The Vision and Learning Group at West Virginia University (WVUVL) is directed by Dr. Gianfranco Doretto and is part of the Lane Department of Computer Science and Electrical Engineering. Our group investigates new and fundamental problems as well as applications in computer vision research. We develop novel techniques for endowing machines with high-level visual processing capabilities, much like humans use their visual system for action. We do so by deriving new machine learning and computational tools that account for the geometry, photometry, materials, semantics, and dynamics of the visual world. The outcome of this research is applicable to areas such as image and video analysis and reasoning, video surveillance, multimedia applications, medical and biomedical imaging applications, biometrics, autonomous navigation, robotics, and many others.
The researchers of WVUVL are interested in studying new methods for interpreting and elaborating the information carried by visual data, such as images and video. Most of the time, such data is the measurement of radiation emitted by a source, after its interaction with the materials of a scene. A typical example is a picture taken by a digital camera that measures the light reflected by the objects in the scene. Another example is an image taken by an MRI machine that measures the radiation of human tissues, stimulated by a magnetic field. The process of understanding visual data is fundamental for building complex systems that can “see”, “interact with”, and “take decisions about” the surrounding world.

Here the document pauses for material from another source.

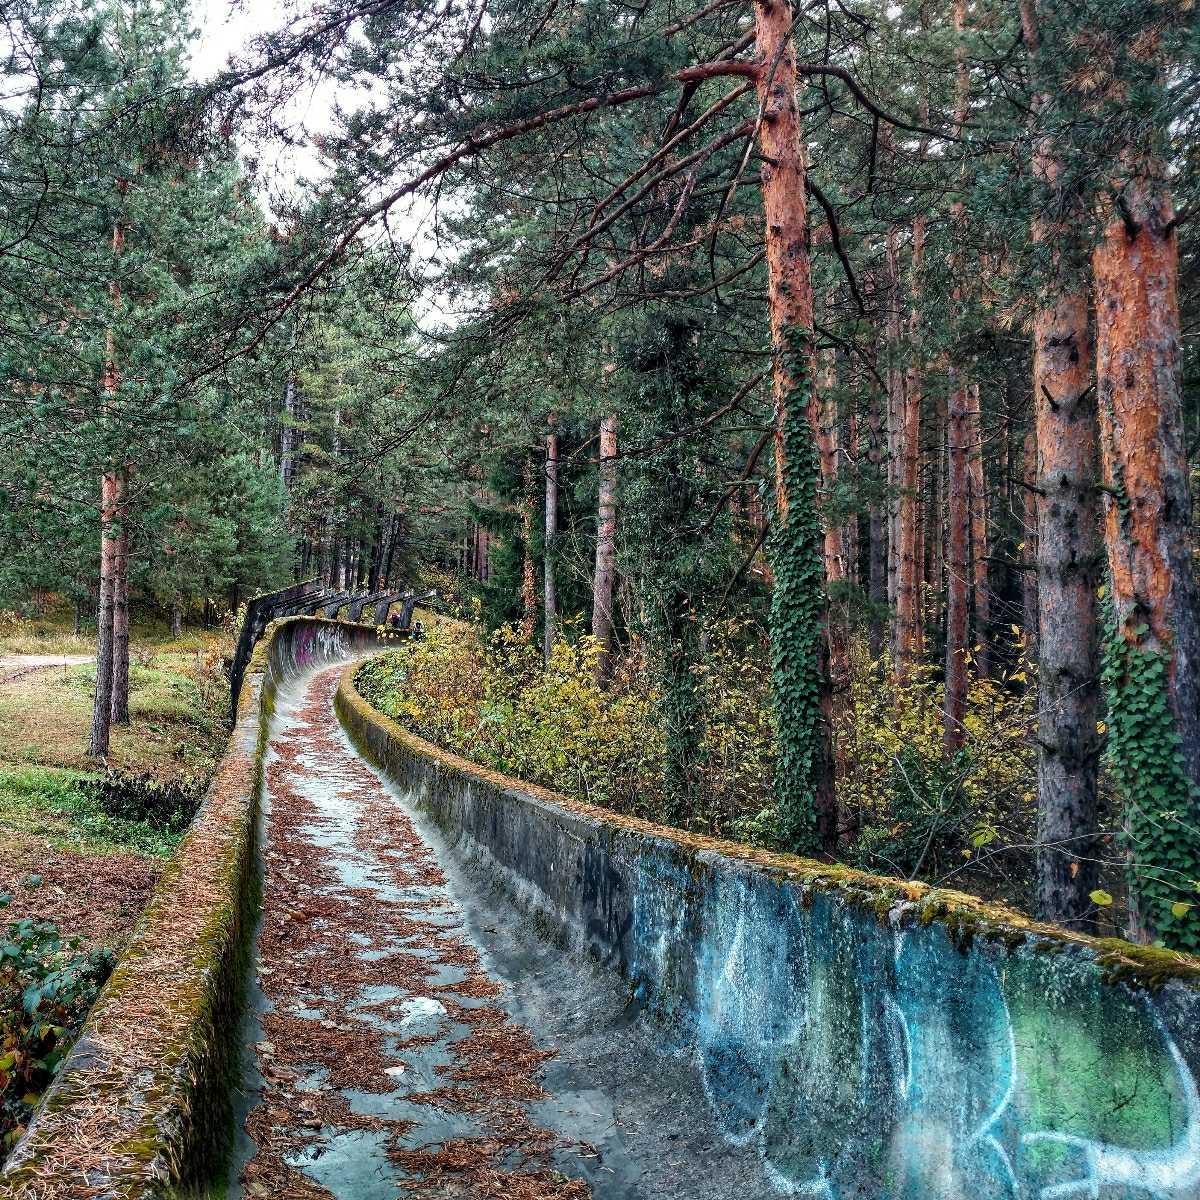 Looking back on November: Hiking Trebević Abandoned Bosbsled Track

Sometimes such vision systems have to be fully autonomous. This is the case when a camera network is exploited for monitoring an area, and revealing the presence of unwanted people in a watch list. It is also the case when an autonomous vehicle endowed with camera sensors is driving in an urban environment towards a destination, with limited to no knowledge of the surroundings, and while interpreting street signs and avoiding obstacles.
Other times vision systems entail the presence of a human in the loop. This is the case when a radiologist applies a computer aided diagnosis system to an imaging modality for a preventive medical check-up. It is also the case when an analyst is querying a video archive, looking for a particular event.
Vision apparatus bring extremely high value to the society, which tomorrow will enjoy improved security in public places with the aid of automated visual surveillance, safer traffic circulation with automated driving assistance, better healthcare with advanced CAD systems, and so on. In order to fully enable such systems, and take them to the next level, it is necessary to tackle fundamental and yet unsolved computer vision problems.